WHAT THE TASK ASKS: Nothing but the lines from the one containing "The summer-ready Nike" through the end of the data below should appear in the answer, each exact and free of pictures.

DATA SHOWN:
────────
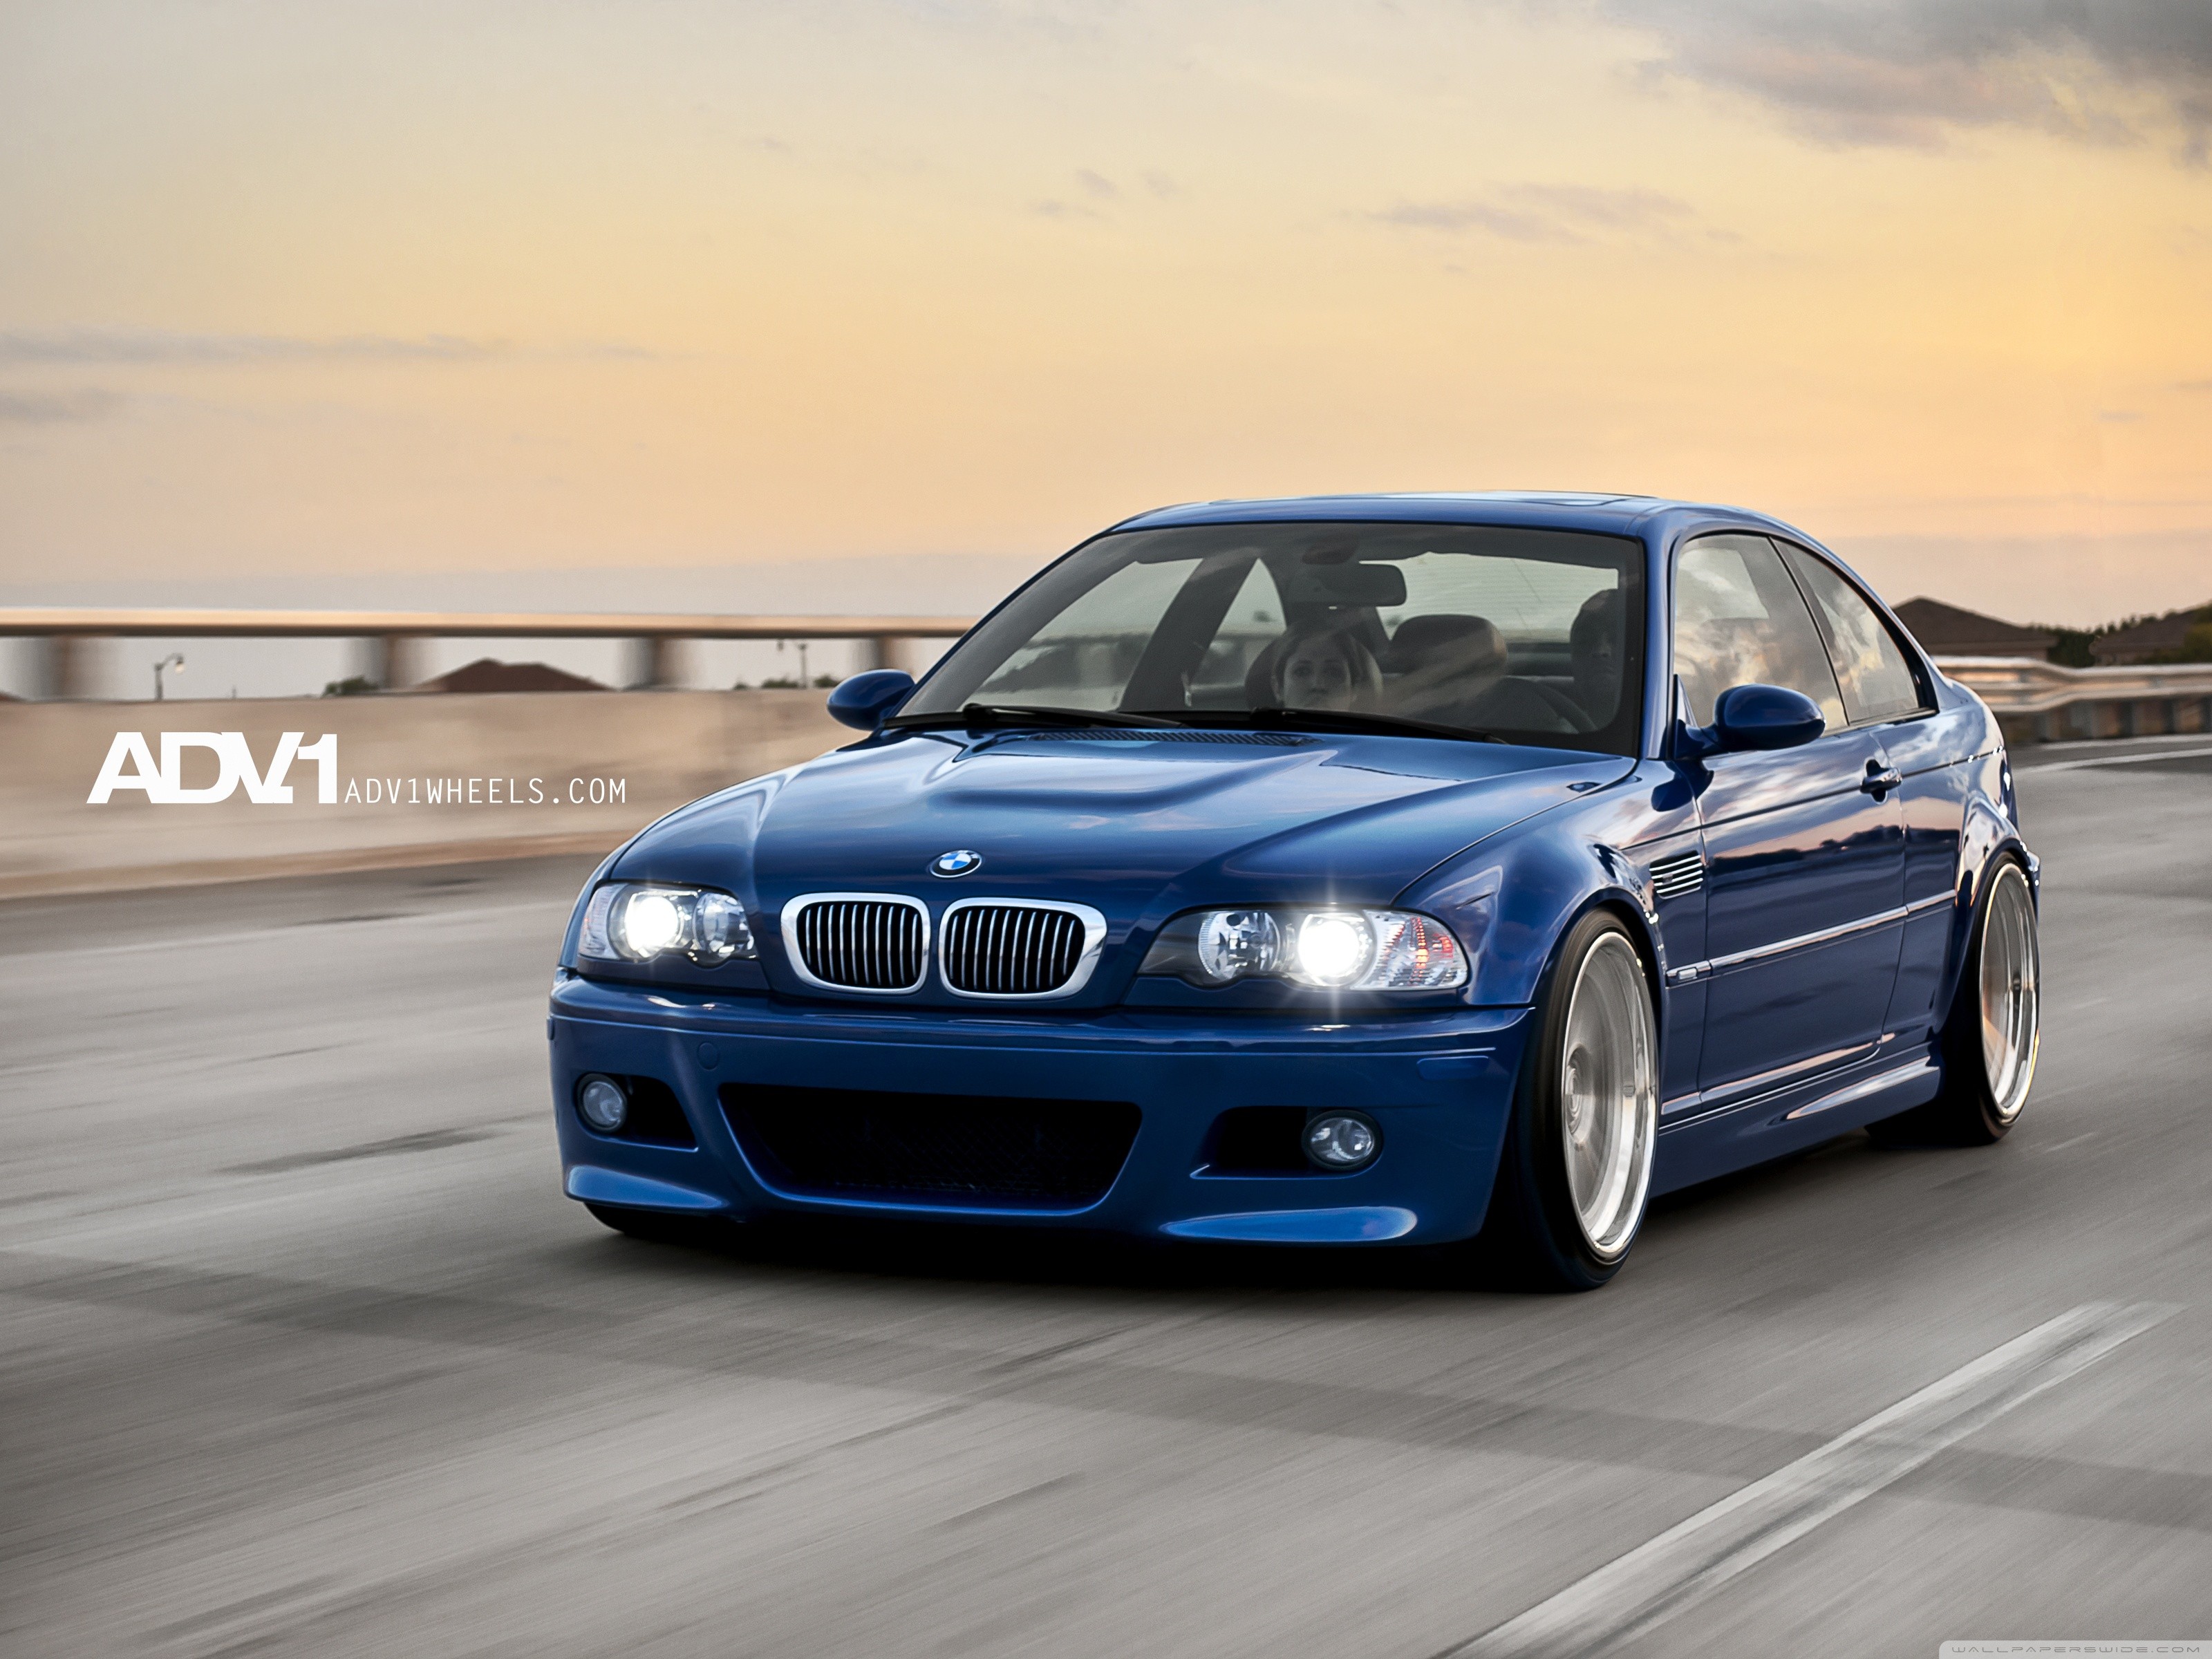 Wallpaper car BMW vehicle free pictures on Fonwall
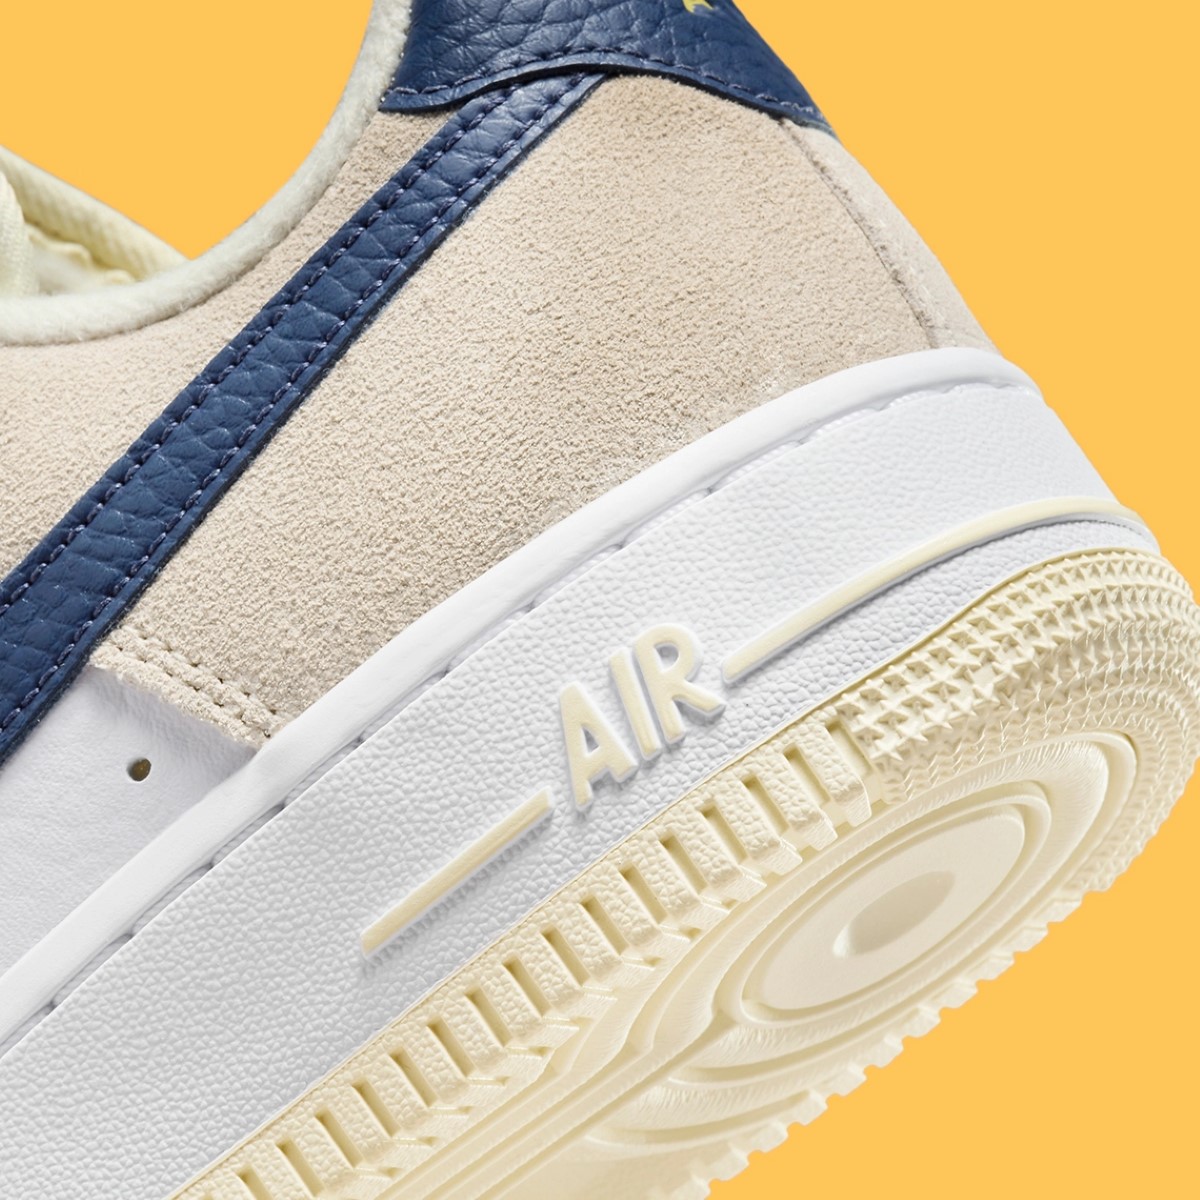 The summer-ready Nike Air Force 1 Low ''Tan/Navy''
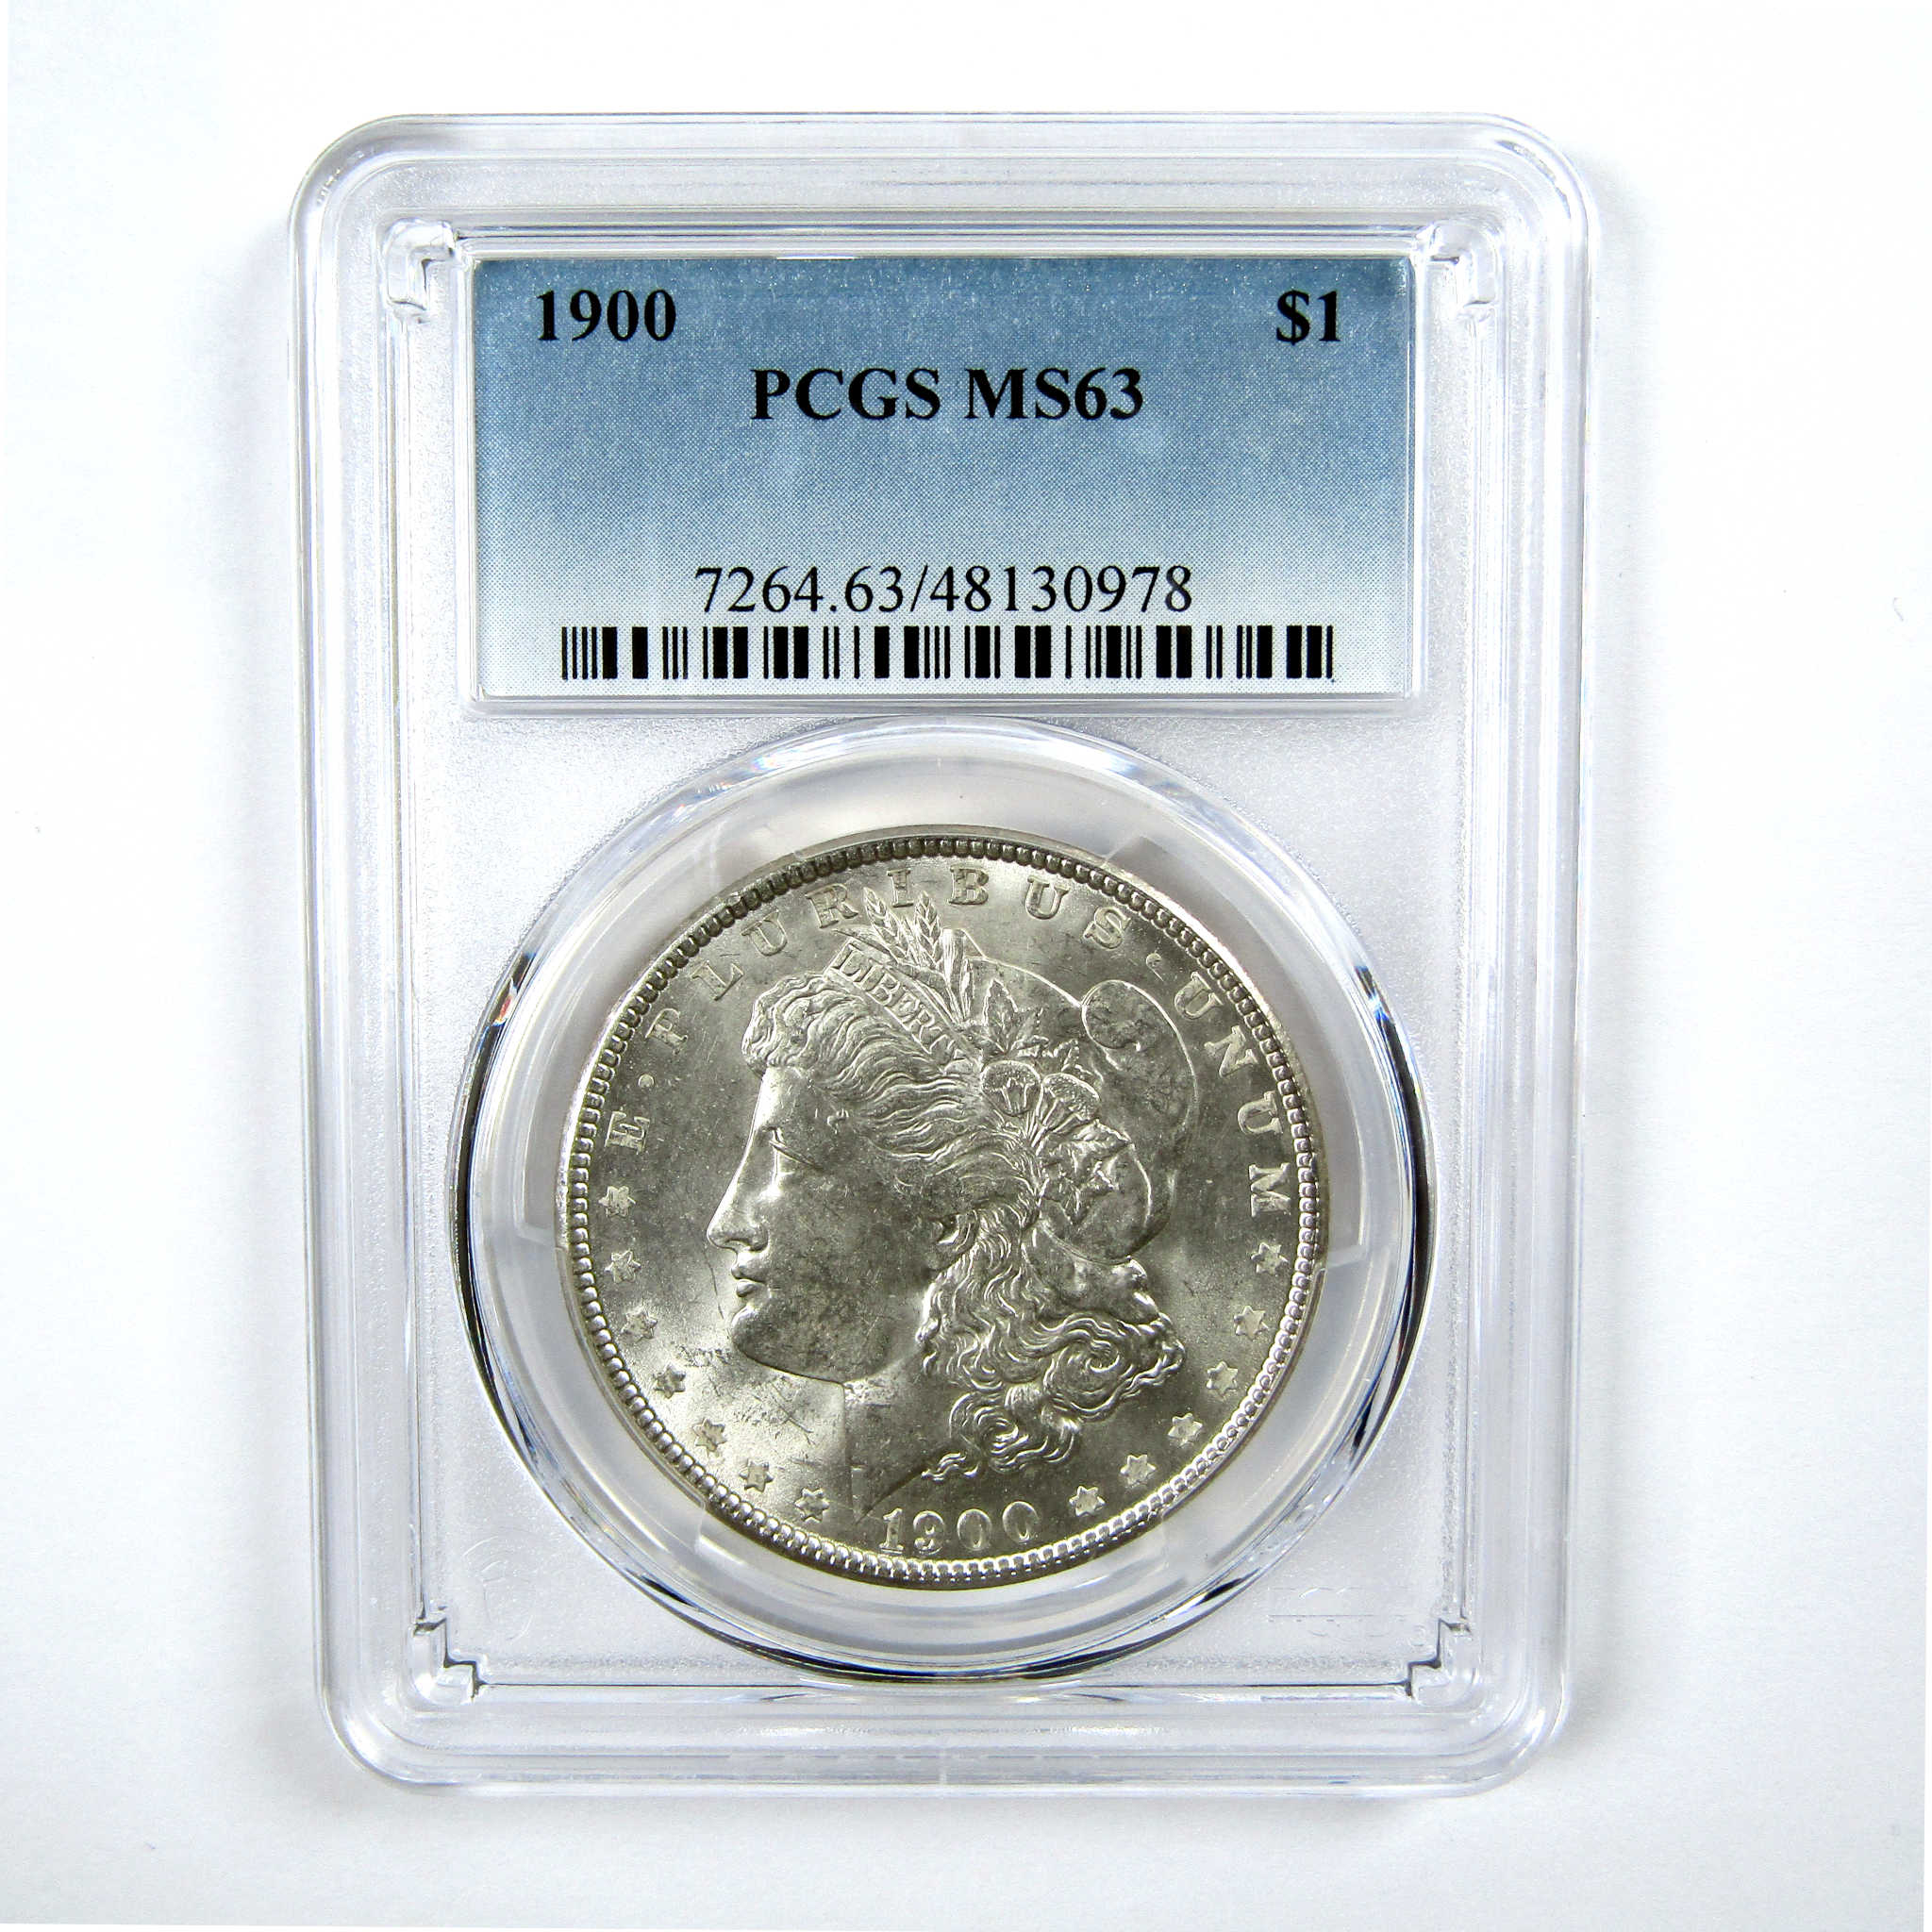 1900 Morgan Dollar MS 63 PCGS Silver $1 Uncirculated Coin SKU:I13787 - Morgan coin - Morgan silver dollar - Morgan silver dollar for sale - Profile Coins &amp; Collectibles
────────
WRITTEN REPLY:
 The summer-ready Nike Air Force 1 Low ''Tan/Navy''
 1900 Morgan Dollar MS 63 PCGS Silver $1 Uncirculated Coin SKU:I13787 - Morgan coin - Morgan silver dollar - Morgan silver dollar for sale - Profile Coins &amp; Collectibles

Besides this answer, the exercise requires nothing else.